Can You Track Your Perplexity Citations?
You can, not perfectly, but well enough to steer. There's no Search Console for Perplexity, so the practical method is a recurring check: run your priority questions in Perplexity yourself, note which pages it cites and whether yours appears, and log it monthly. It takes about 20 minutes a month. Add a referral-traffic filter for perplexity.ai in your analytics, since a share of cited pages do pull direct visits. Tools that monitor brand mentions across answer engines are starting to land, but a disciplined manual pass (same questions, same day each month) catches most of what you need. If a citation disappears, the usual cause is a competitor publishing something fresher, so the fix is republishing with a newer date and a sharper answer. In our experience the swap-back often lands inside 14 days. For a second opinion on whether your site is built for any of this, our roundup of the best AI search agencies in Australia sets the bar, or book a 30-minute call and we'll go through it with you.

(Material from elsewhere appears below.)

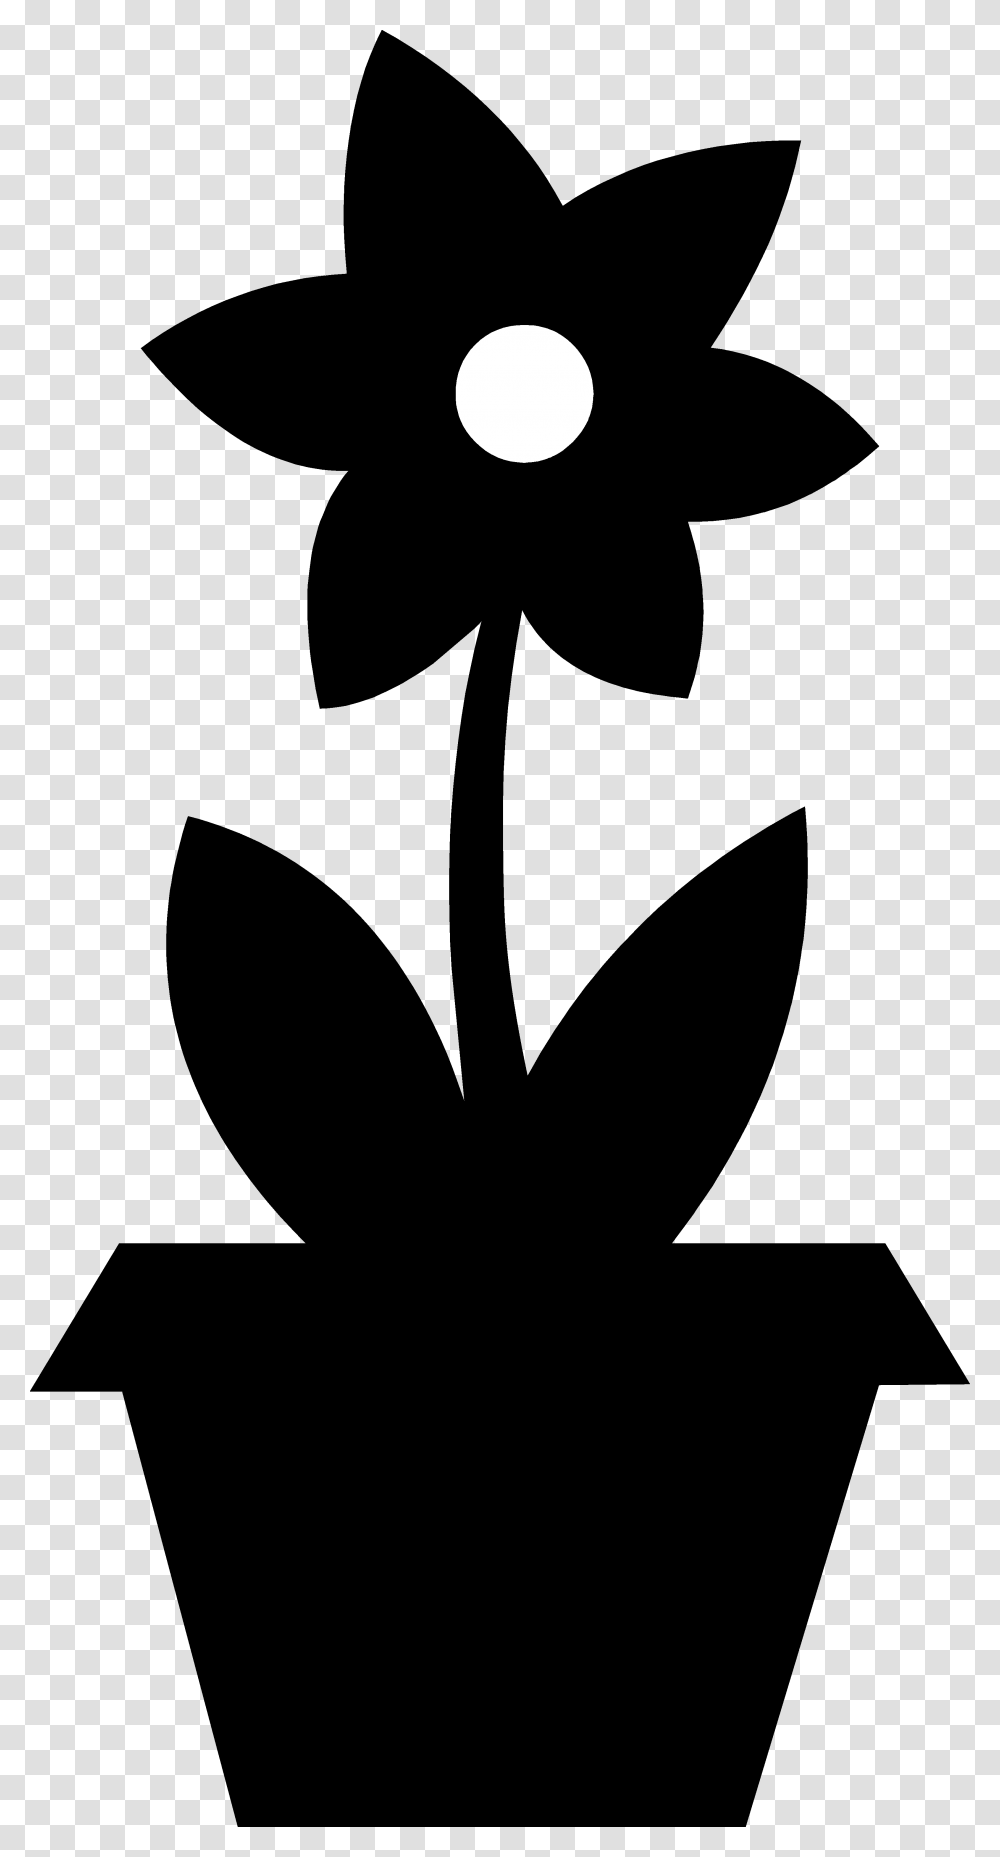 Clipart Download Cute Flower Pot Silhouette Free Clip Flower In Pot Silhouette, Stencil, Cross, Plant Transparent Png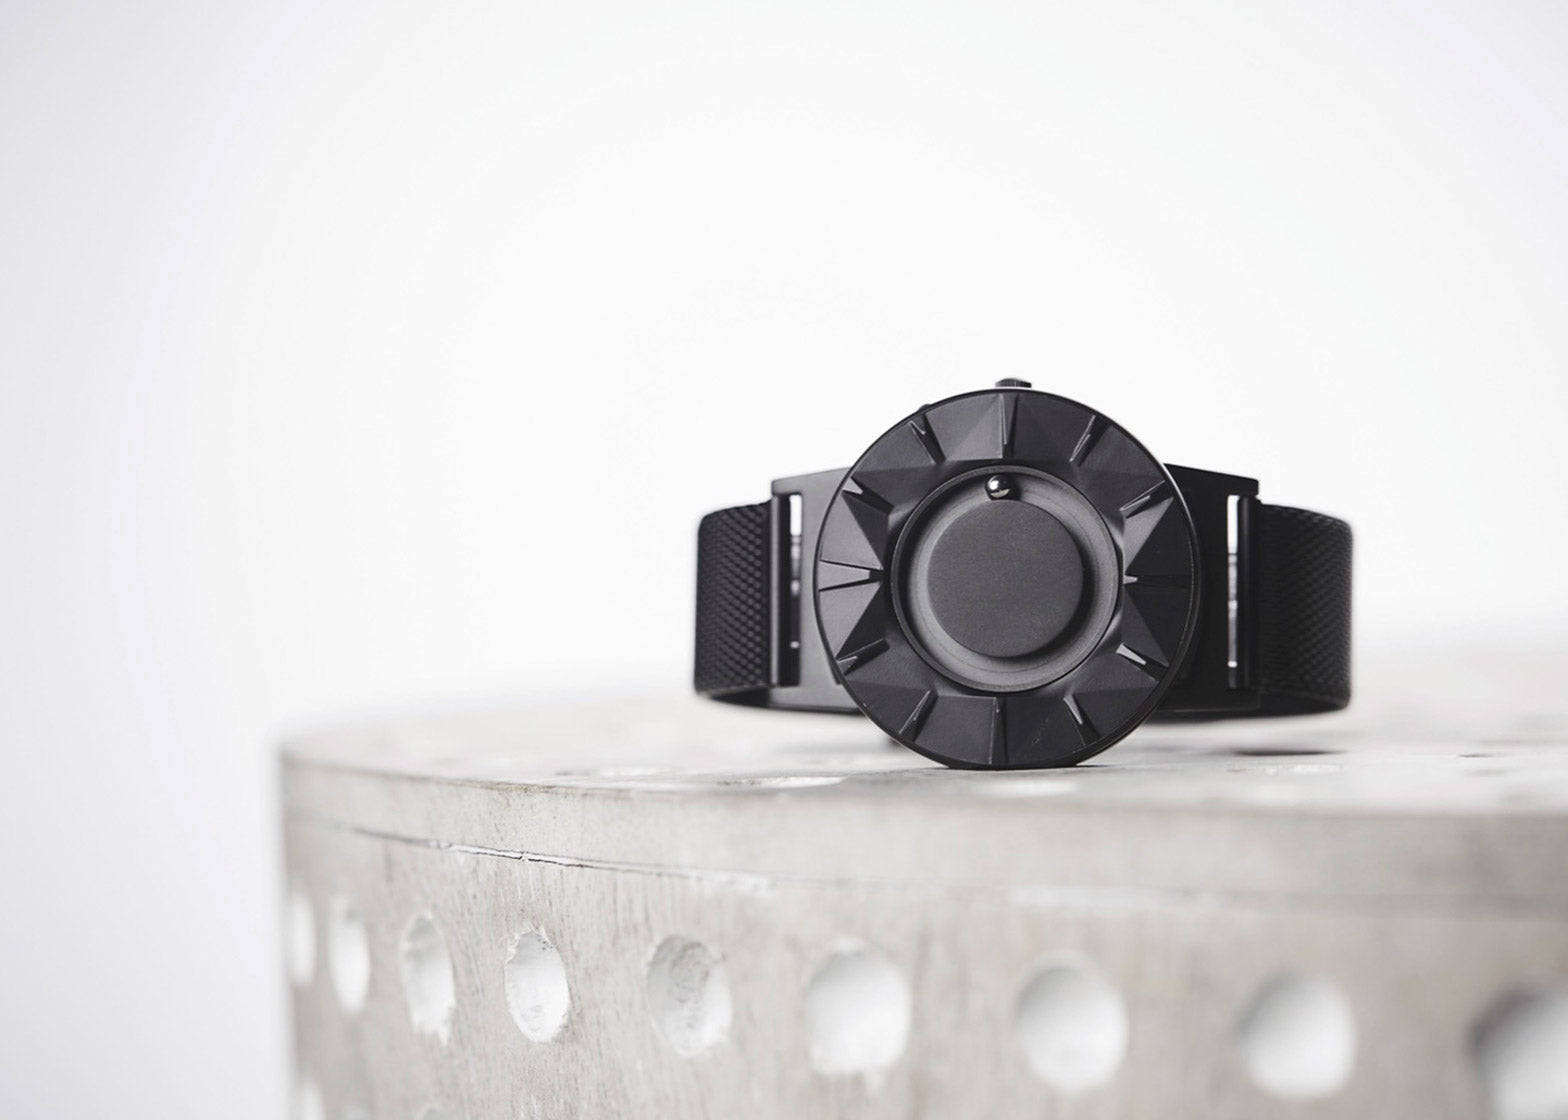 bradley element watch eone fashion product design anniversary dezeen watch store dezeen 1568 2

Perplexity SEO vs ChatGPT SEO: Where the Lists Diverge
Same goal, different shortlists, which is why you work both, not just one. ChatGPT (search mode) and Perplexity both read the live web but weight pages differently, so they cite largely separate content. Here's how Perplexity compares to the Google SEO you already know:
| Signal | Traditional Google SEO | Perplexity SEO |
|---|---|---|
| What it reads | An index snapshot | The live web, on most queries |
| Top ranking factor | Backlinks and domain authority | Freshness, source structure, citation worthiness |
| Content age | Evergreen pages rank for years | Skews to the last 30–90 days |
| Winning format | Long pages, broad keyword coverage | Tight, citable passages and clear data points |
| How you measure it | Rankings and organic clicks | Citations and brand mentions in answers |
Build the page once to answer the question properly, structure it so any engine can lift it, then keep it fresh. Our ChatGPT search ranking playbook handles that side. What AI automation looks like for Australian businesses covers running the cadence.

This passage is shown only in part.